Il tribunale di Busto Arsizio ha emesso una sentenza di condanna nei confronti di Giovanni Garbin, un uomo di 50 anni di Sumirago, accusato di adescamento, produzione e adescamento di materiale pedopornografico. La pm Francesca Gentilini ha chiesto una pena esemplare per Garbin e l’accusa ha richiesto che l’uomo scontasse 13 anni e 8 mesi di carcere e pagasse una multa di 38 mila euro. Le accuse sono molto circostanziate e documentate grazie alle tracce lasciate dal suo operato sui suoi dispositivi e su quelli delle due parti civili costituite. Garbin avrebbe adescato numerose ragazze minorenni tra i 12 e i 14 anni attraverso un falso profilo che lo mostrava come un giovane ragazzo di bell’aspetto. Dopo i primi approcci, chiedeva il numero di telefono e passava su Whatsapp dove le conversazioni diventavano spinte, condite da richieste di foto delle giovani. In diversi casi, le ragazze hanno inviato all’uomo immagini hot, da cui l’accusa di produzione di materiale pedoporonografico.

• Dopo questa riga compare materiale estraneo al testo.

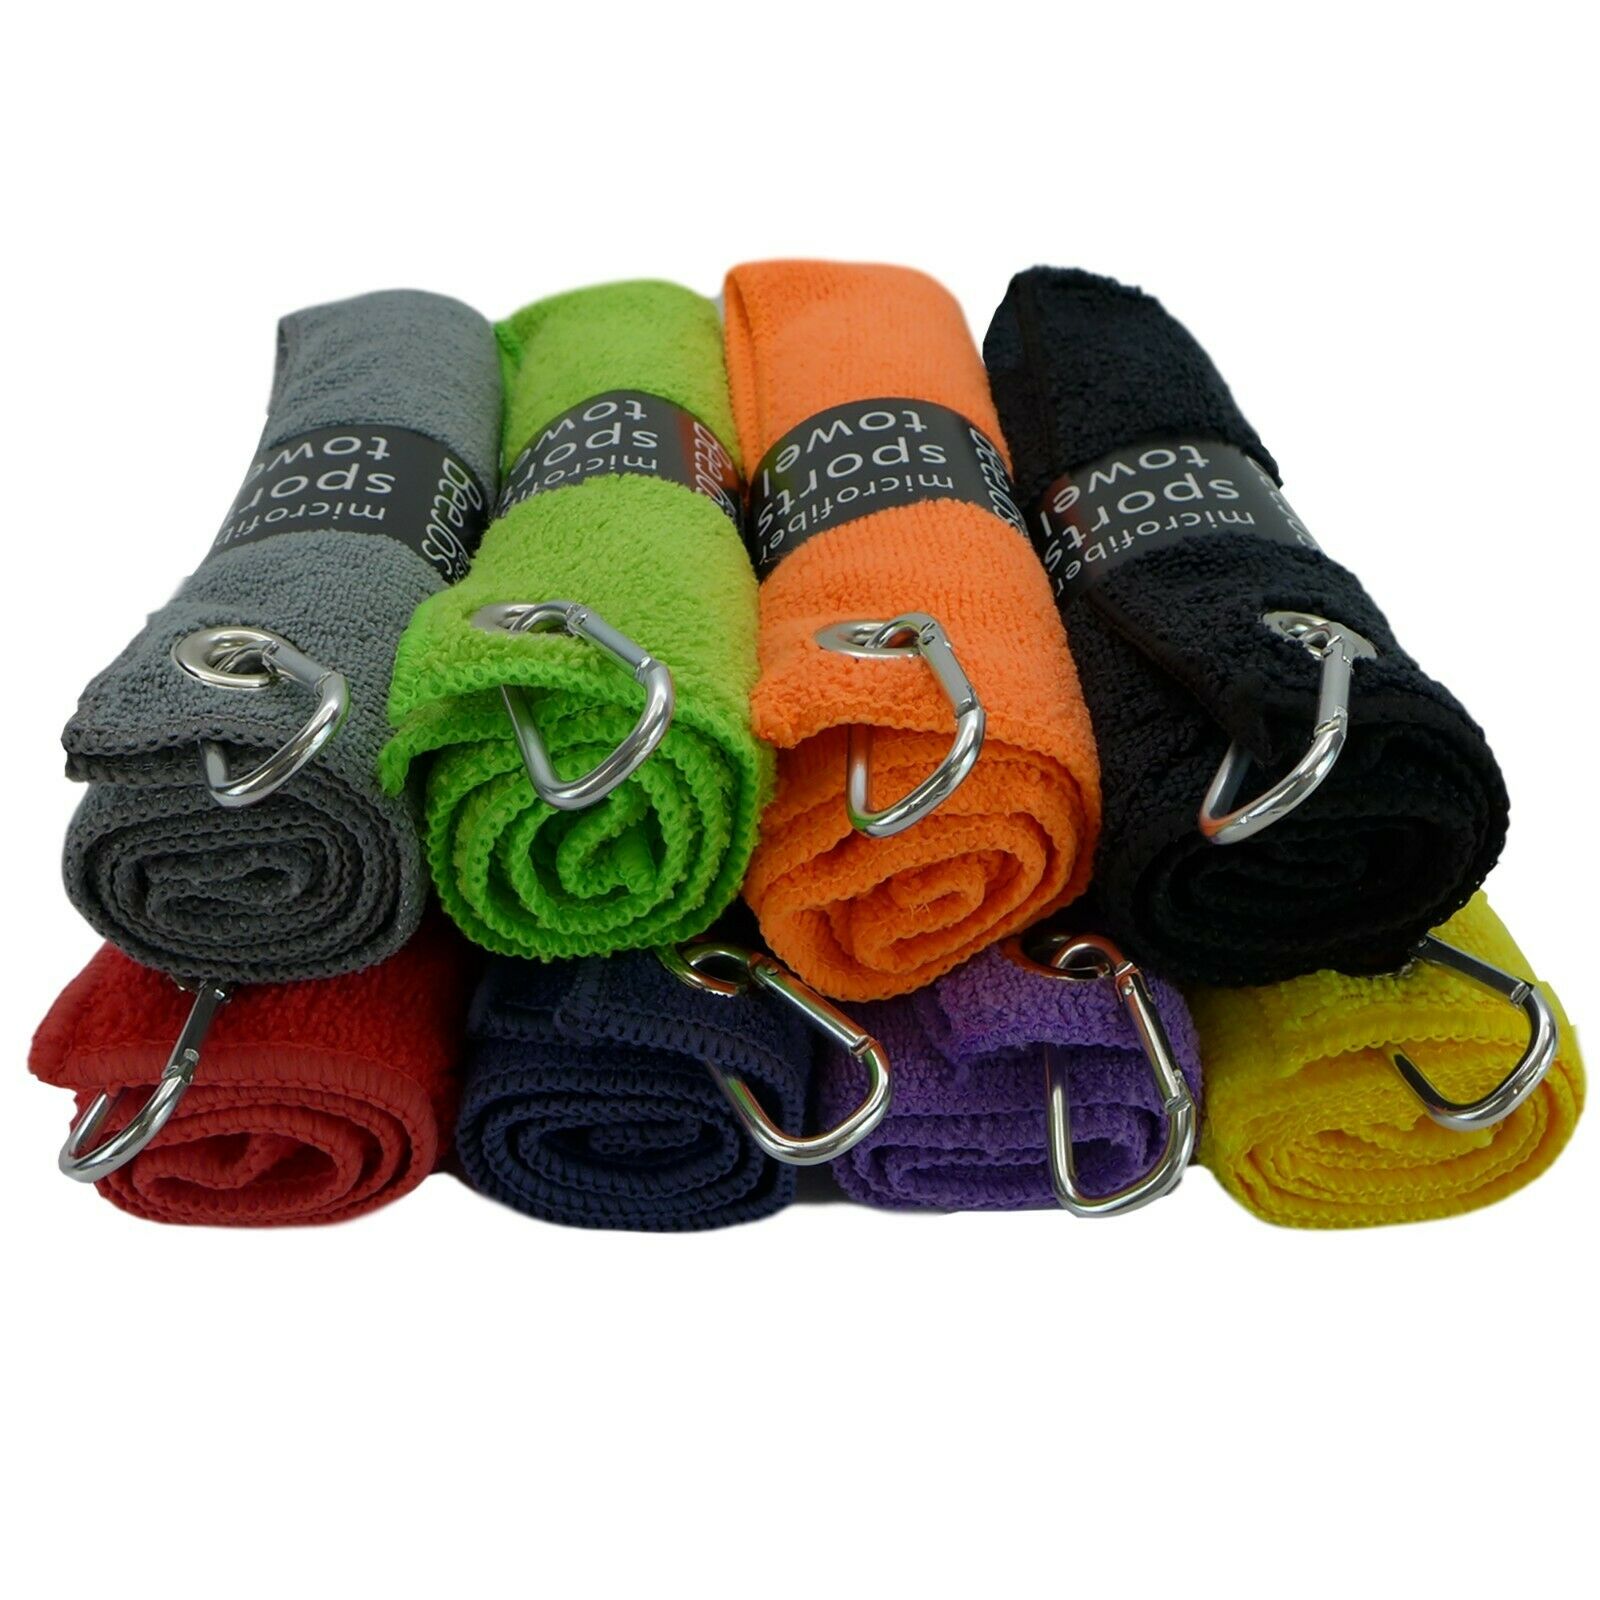 3 Pack Of Premium Colored Microfiber Golf Towels 16" X 16"  With Carabiner Clip

La perizia psichiatrica eseguita dal professor Marco Lagazzi ha stabilito che Garbin è sano di mente e lo era anche al momento dei fatti. I legali di Garbin hanno puntato la loro difesa anche sulla perizia di parte, presentata da un loro consulente, che giudicava Garbin parzialmente incapace. Hanno cercato di far passare il messaggio che quanto accaduto è anche frutto di un cambiamento dei costumi tra i giovani e giovanissimi che oggi vivono vite parallele sui social network.

Alla fine, i giudici hanno deciso di condannare Garbin a 10 anni e 8 mesi di reclusione oltre al pagamento di 62 mila euro di multa. Inoltre, l’uomo sarà interdetto perpetuamente dalla tutela, curatela e amministrazione di sostegno, dai pubblici uffici e dalle professioni scolastiche e di istruzione. Prima della chiusura della fase istruttoria, Garbin ha voluto parlare e chiedere scusa alle vittime e alle famiglie per i danni che ha provocato, spiegando il percorso fatto fino ad oggi in carcere insieme ad uno psichiatra. La sentenza emessa dal tribunale di Busto Arsizio rappresenta un importante segnale di denuncia contro un reato gravissimo e un’ulteriore conferma della necessità di proteggere i minori dai pericoli del web.